HAT-P-70b through the Eyes of MAROON-X: Constraining Elemental Abundances of Metals and Insights on Atmosphere Dynamics

Original Abstract

Ultra-hot Jupiters (UHJs) are exceptional laboratories for studying planetary atmospheres under extreme irradiation conditions. With close-in tidally locked orbits, these planets can have daysides hot enough for metals to be significantly ionized while still maintaining nightsides cold enough for refractory species to potentially condense. We present an analysis of the ultra-hot Jupiter HAT-P-70b taken with the MAROON-X high-resolution spectrograph. Using cross-correlations, we detect 14 neutral and singly ionized species, including Fe I, Fe II, Ti I, Ca I, Ca II, Cr I, Na I, V I, Mn I, Ni I, Mg I, Ba II, O I, and Sr I, with tentative evidence for H I, Co I, and K I. The absorption signals exhibit blueshifts on the order of a few $\mathrm{km\,s^{-1}}$, consistent with day-to-night winds. We further constrain relative abundances with atmospheric retrievals and demonstrate that some inferred elemental abundance ratios depend strongly on modeling assumptions. In particular, we show that a well-mixed retrieval approach neglecting ionization can strongly bias highly ionizable elements such as Ca and Ti.
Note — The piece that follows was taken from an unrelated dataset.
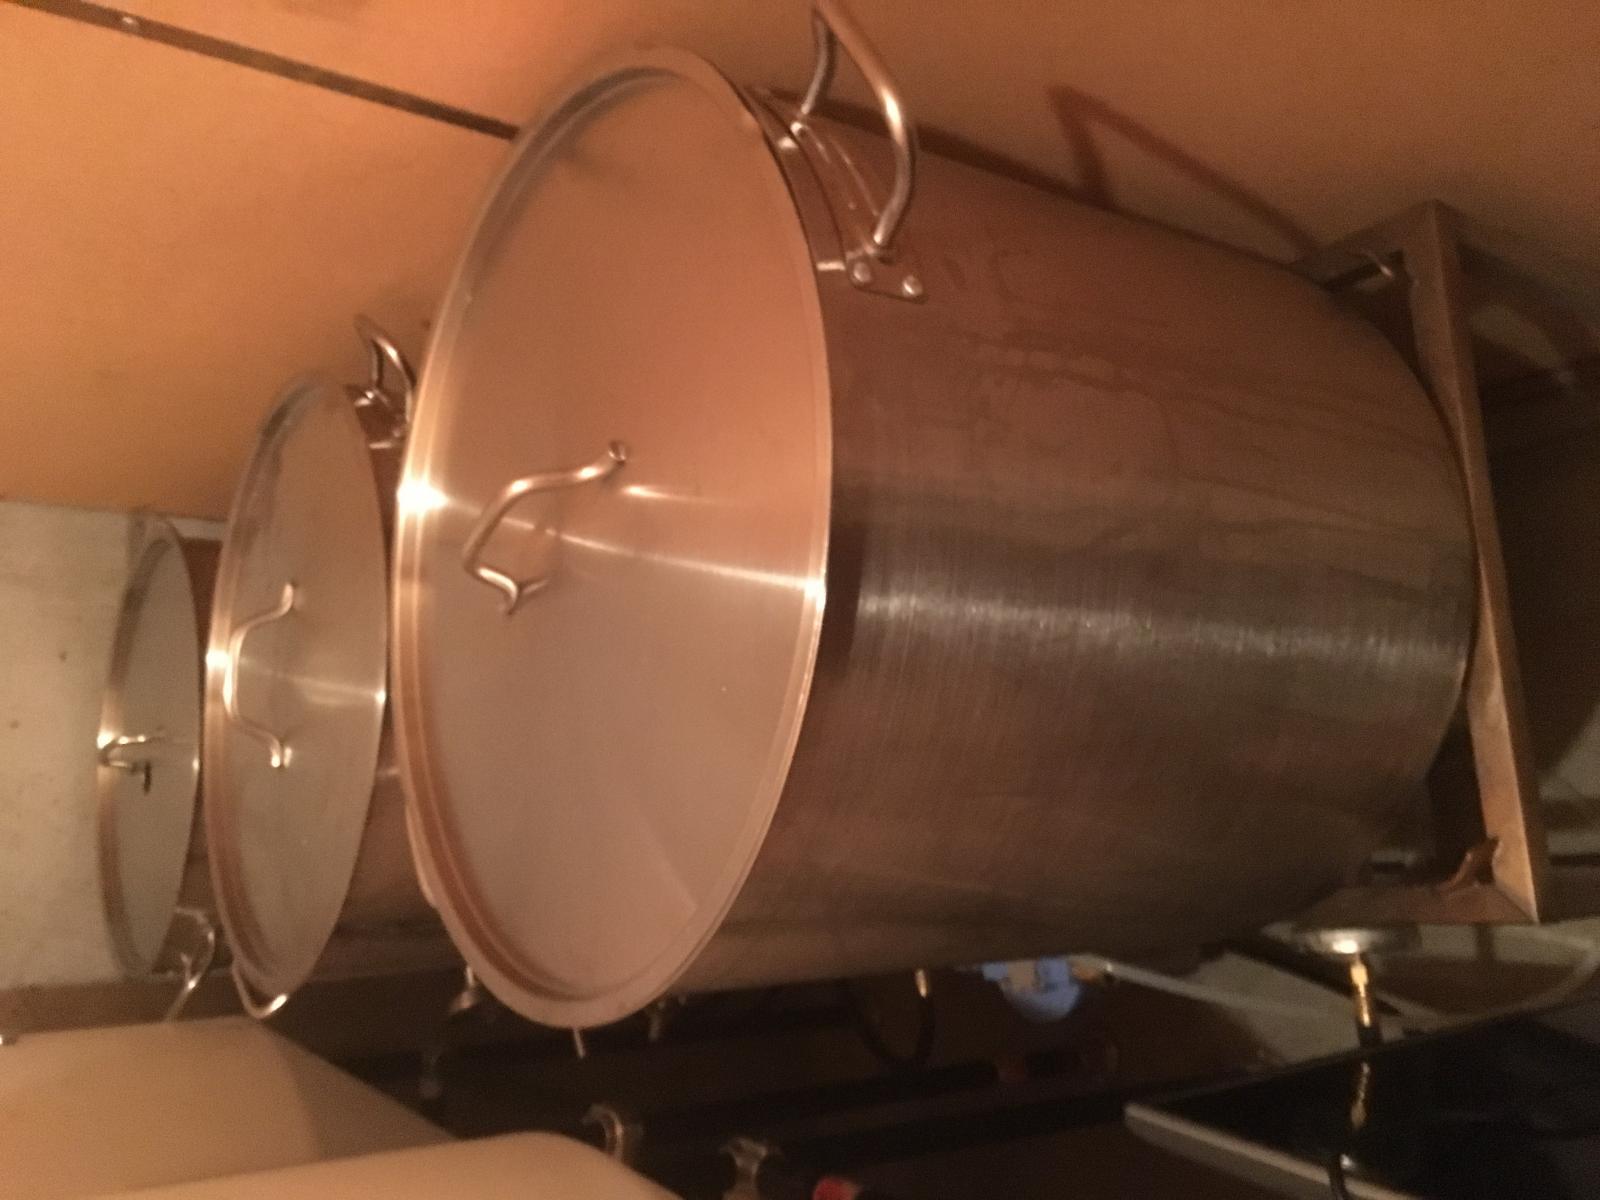 Washington - Nano-brewery set-up for sale | HomeBrewTalk com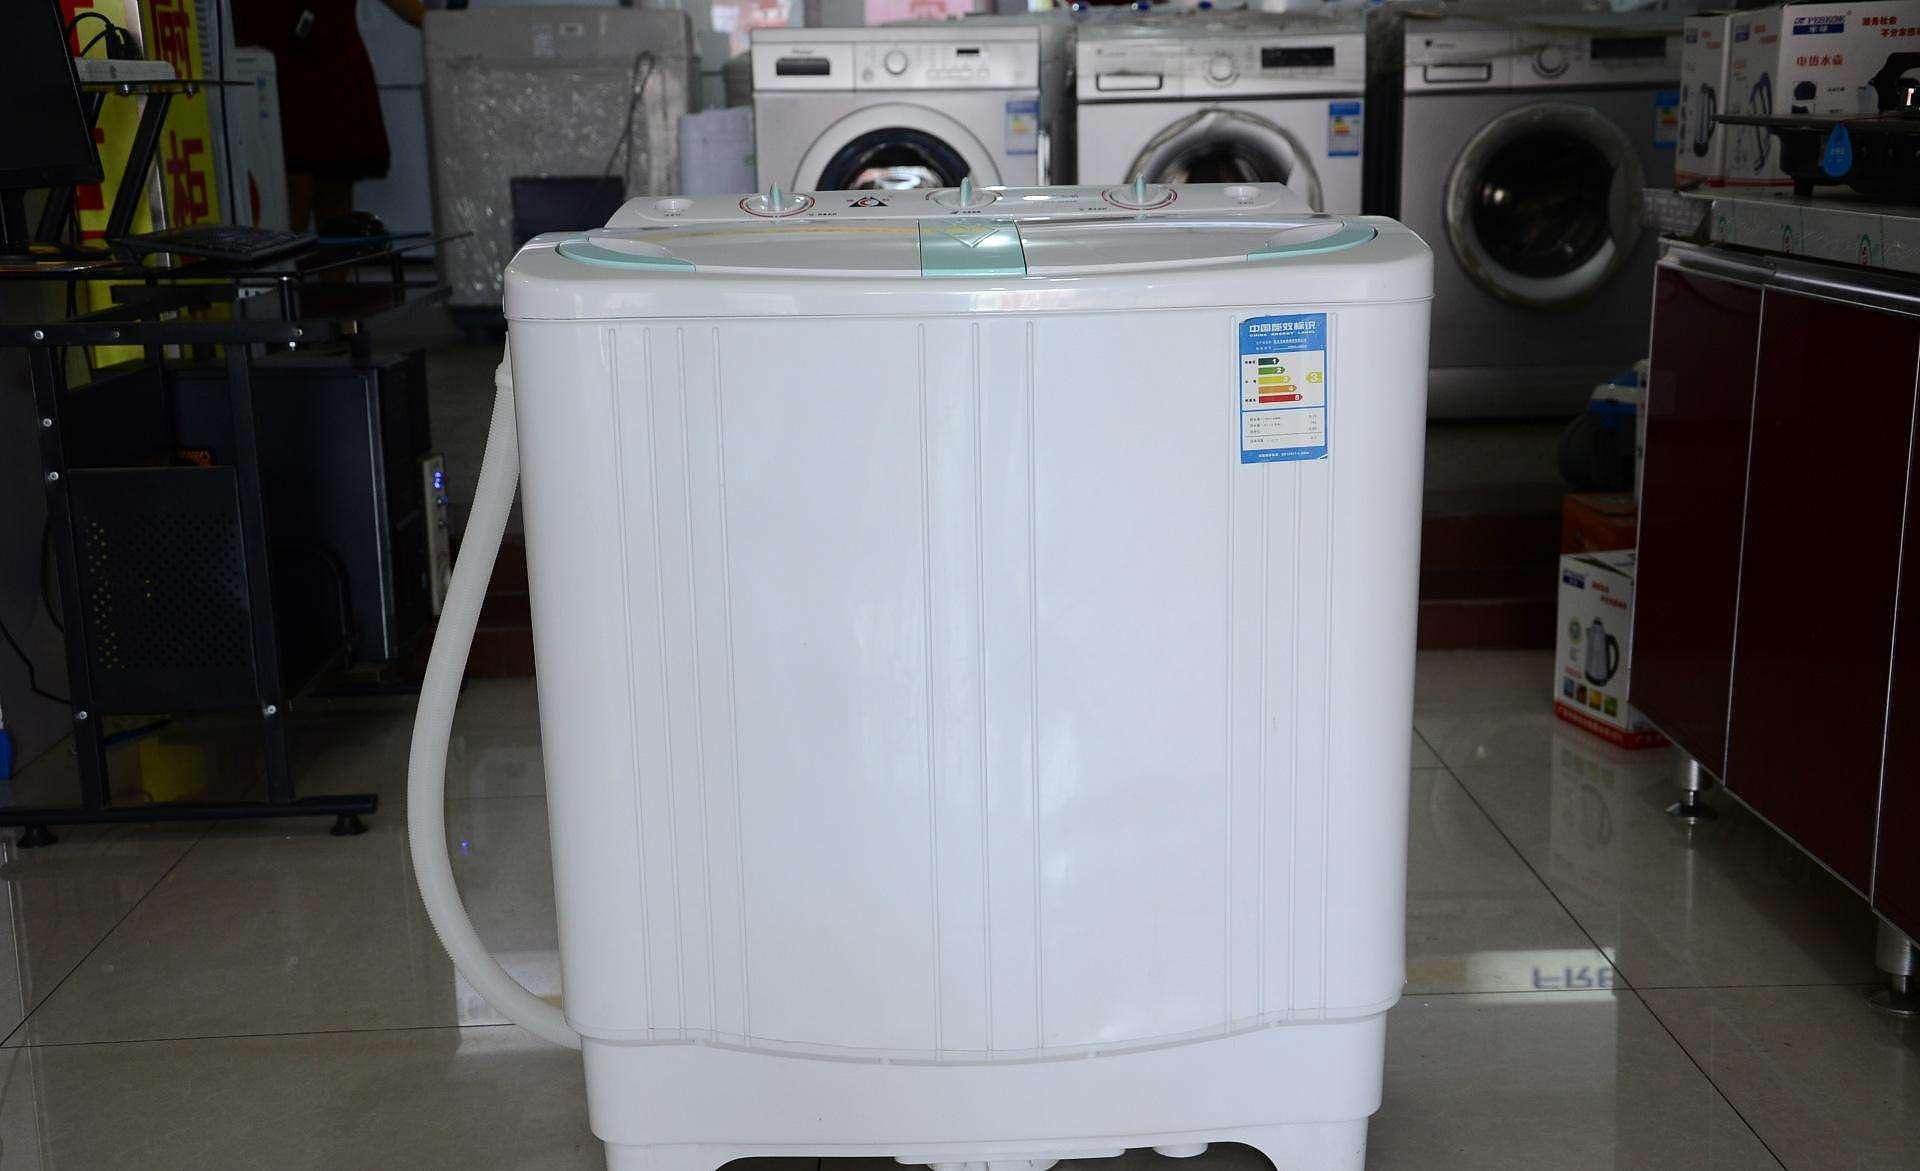 长虹全自动洗衣机价格 全自动洗衣机如何选购

Accounting for the effects of equilibrium chemistry and thermal ionization generally results in inferred elemental abundance ratios that are closer to expectations for a solar-like composition, although not in all cases. Interestingly, we find a distinct nickel enrichment on HAT-P-70b, adding to the growing number of UHJ studies where the Ni abundance is seemingly enhanced. Our results underline the importance of considering physical and chemical atmospheric processes such as ionization when interpreting high-resolution transmission spectra of UHJs.